# CMSC471 Artificial Intelligence

# Project Final Submission

## Project Title

*Matt Manzi, CL69490*

## Problem Description

This application of machine learning will attempt to classify the category of a mobile application using various app store data.  This is a multi-class classification problem since the goal is to correctly identify the category of an app given a set of category options.

Every mobile app shares a subset of features like a name, file size, number of downloads, etc.  The intention is to draw (or disprove) correlation between these shared features and the category of an app.

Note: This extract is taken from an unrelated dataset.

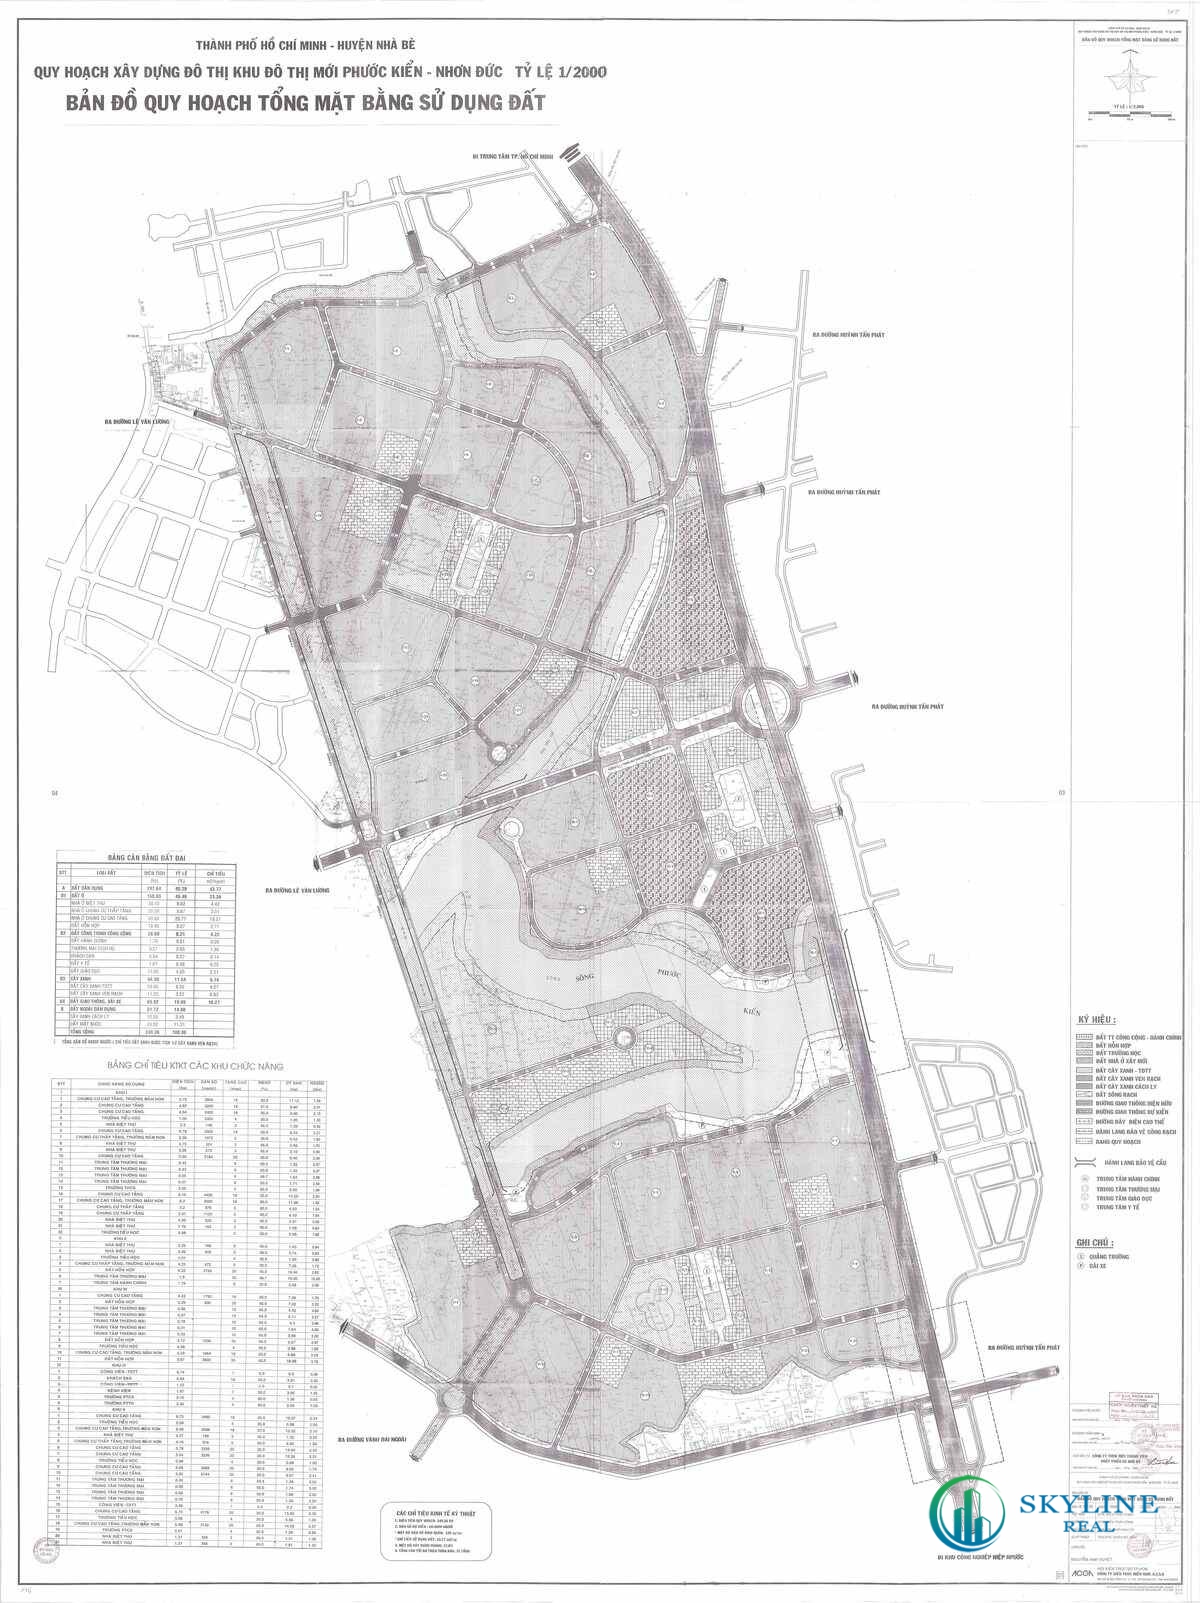 Bản đồ quy hoạch 1/2000 Khu đô thị mới Phước Kiển - Nhơn Đức, Huyện Nhà Bè

For example, if a majority of utility apps (compared to those of other categories) with over 100,000 downloads have a file size less than 10 MB, that may indicate that it is more important to consumers that utility apps be small in file size.  On the other hand, if there arises no correlation between the features in this dataset, that may indicate that users do no concern themselves over these aspects and neither should the developer.

## Motivation

I develop my own mobile applications and I'm often very curious about what makes certain apps go viral.  I've heard much anecdotal advice, like that I shoud "develop apps that the developer would themselves want to use."  In an effort to help guide some of my decisions, I believe that being able to classify app categories based on these features implies that there is a consistent expectation for apps in a certain category.  Thus, based on the categories of the apps that I want to develop, I will be able to make more informed decisions.

## Dataset

- Link to dataset source: [https://www.kaggle.com/lava18/google-play-store-apps/data](https://www.kaggle.com/lava18/google-play-store-apps/data)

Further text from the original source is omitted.